Home - mrmiguez/citrus GitHub Wiki
citrus wiki
Overview
Collective Information Transformation and Reconciliation Utility Service (citrus) is a metadata aggregation and transformation tool for DPLA hubs. The program takes metadata collected by repox and transforms it DPLA MAPv4 compatible JSON-LD for ingest into the Digital Public Library of America.
citrus is written in Python 3. It is designed to be run on the same machine hosting repox.

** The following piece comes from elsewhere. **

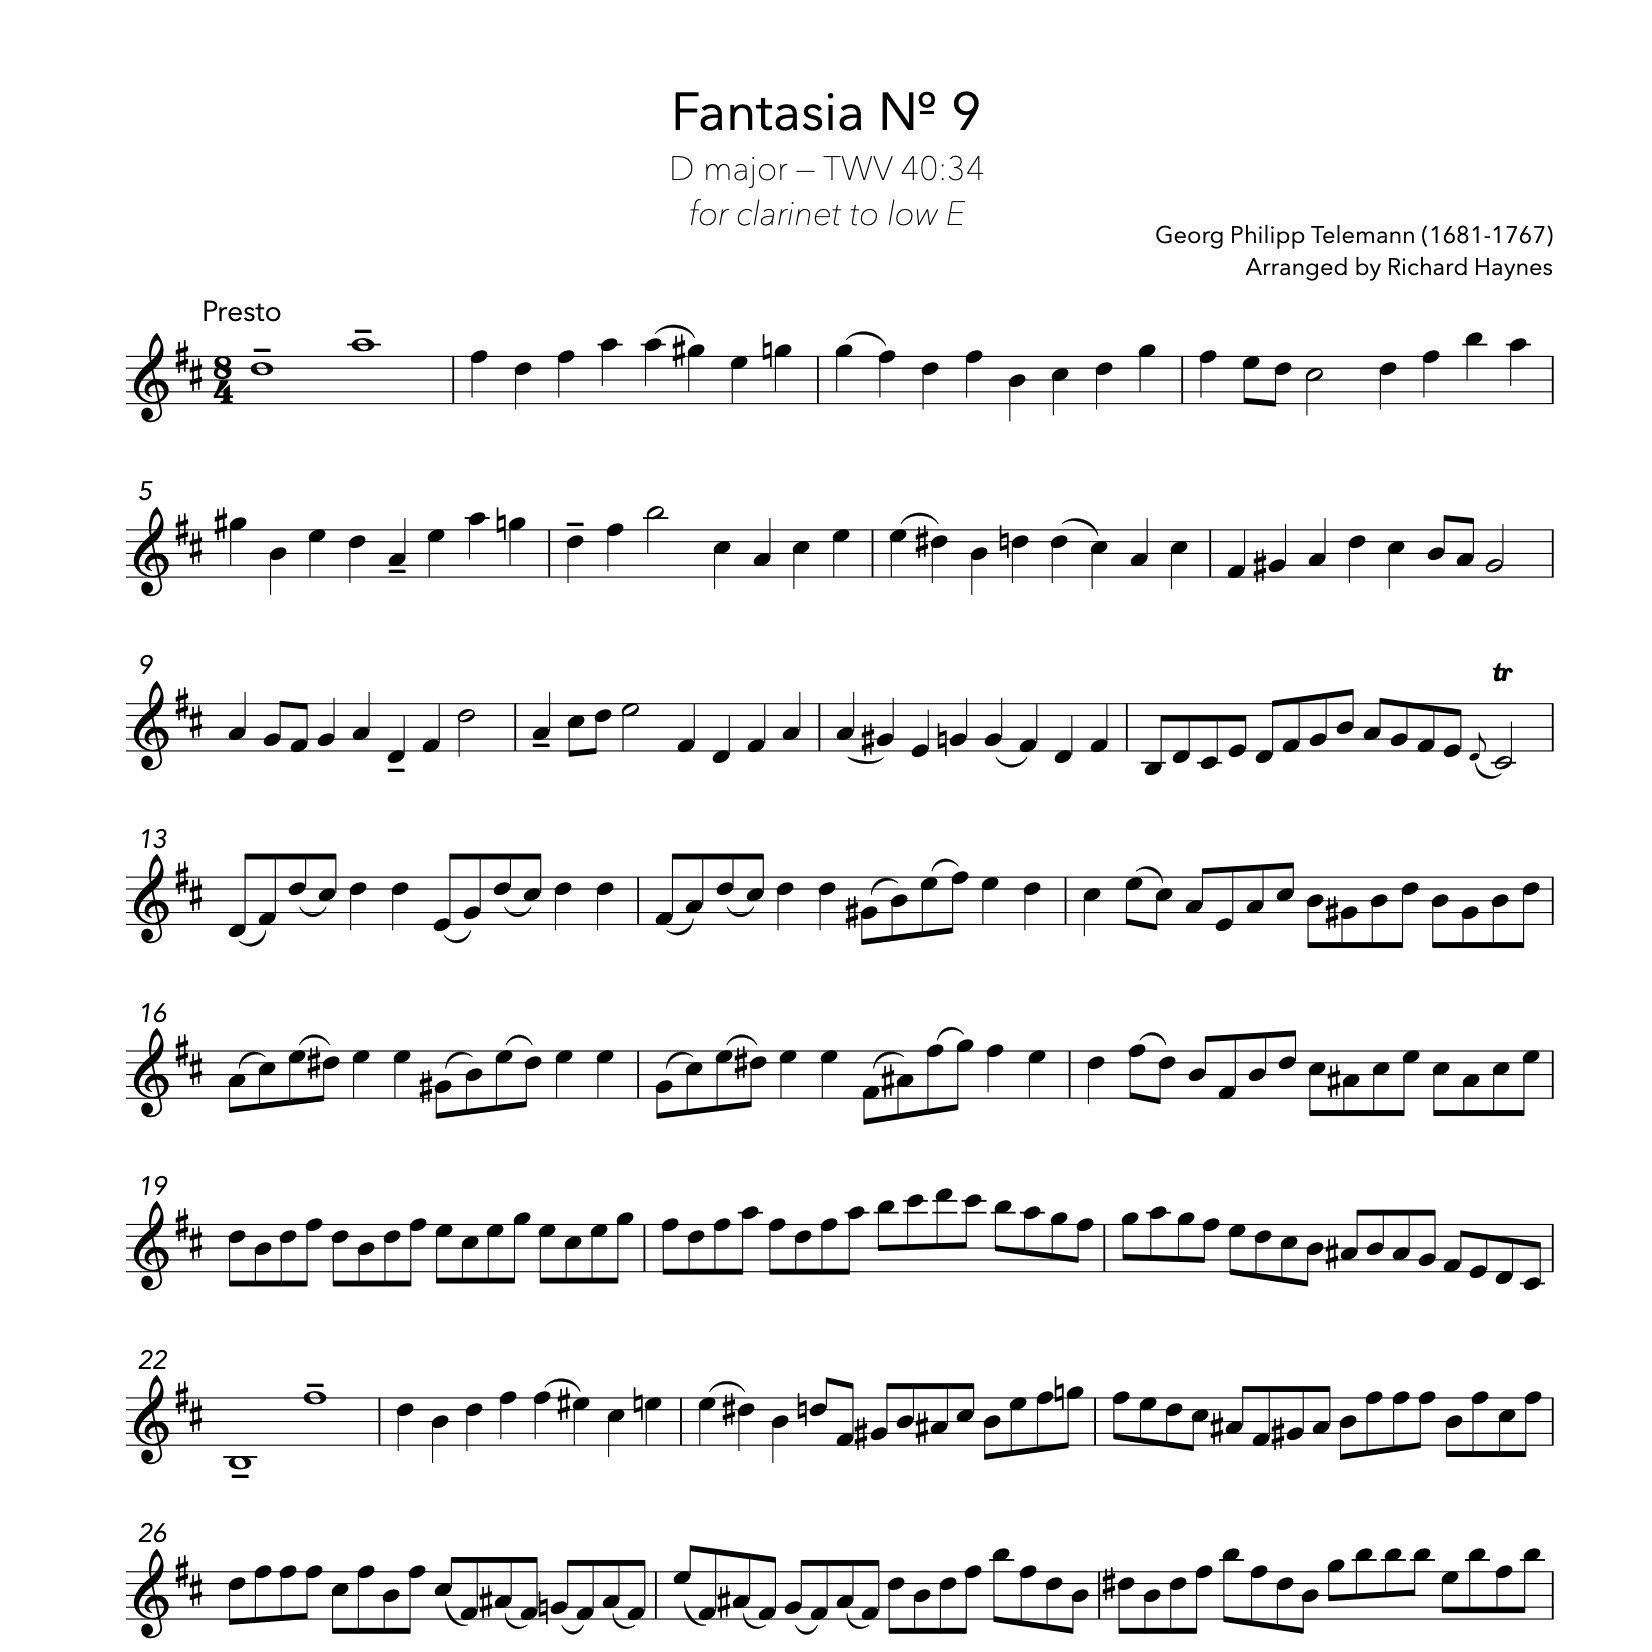 Bass+Viol+Fantasia+No+9+Telemann%3AHaynes+4.jpg

Goals and future development
The purpose and mission of citrus is to provide a tool that allows for flexible and automatic metadata transformation for metadata aggregators.
Files & purpose
citrus.py
- defines the transformation scenarioscitrus-run.py
- runs the citrus utilitycitrus_config.py
- configuration settingsassets/
- additional services for thumbnails and reconciliation functions
Configuring citrus
The transformation and plugin services to be run are defined in the citrus_config.py file.
CONFIG_DICT
is the list of expected repox exports and requisite mappings
Keys are shortened forms of repox export directories.
They will be expanded by citrus-run using glob.glob(key*), so full names aren't required.
They should be relatively descriptive to avoid collision with other sets.
Values are tuples storing various run settings.
- metadata prefix--Currently only 'dc', 'qdc', and 'mods' are supported.
- dictionary of thumbnail service values
- aggregation.dataProvider
- aggregation.intermediateProvider
REPOX_EXPORT_DIR
is the path to the exported metadata. A default path is assigned when a repox data set is created (typically /repox/export). This path can be changed when data sets are exported manually.
OUTPUT_DIR
is the directory where the JSON-LD will be written.
PRETTY_PRINT
Pretty print resulting JSON-LD? Setting this to False
can reduce the size of the resulting document by up to a third. True
is preferred only for non-production tasks (debugging and testing).
PROVIDER
i.e. the name of the DPLA hub.
VERBOSE
Setting this to True
will print to the terminal window the OAI-ID of the record currently being processed.
citrus transformation methods
Error logging
Errors that may be encountered are logged in an error_DATE_.log file in the run directory. Missing any of the DPLA required elements:
- Title
- Rights
- Identifier referencing the object in context
will cause the record to be skipped and not included in the final JSON-LD document. Other errors may be logged that do not pass the record out of the transformation.
Details of the errors in the log file include the full OAI-PMH identifier, so errors can be tracked and corrected.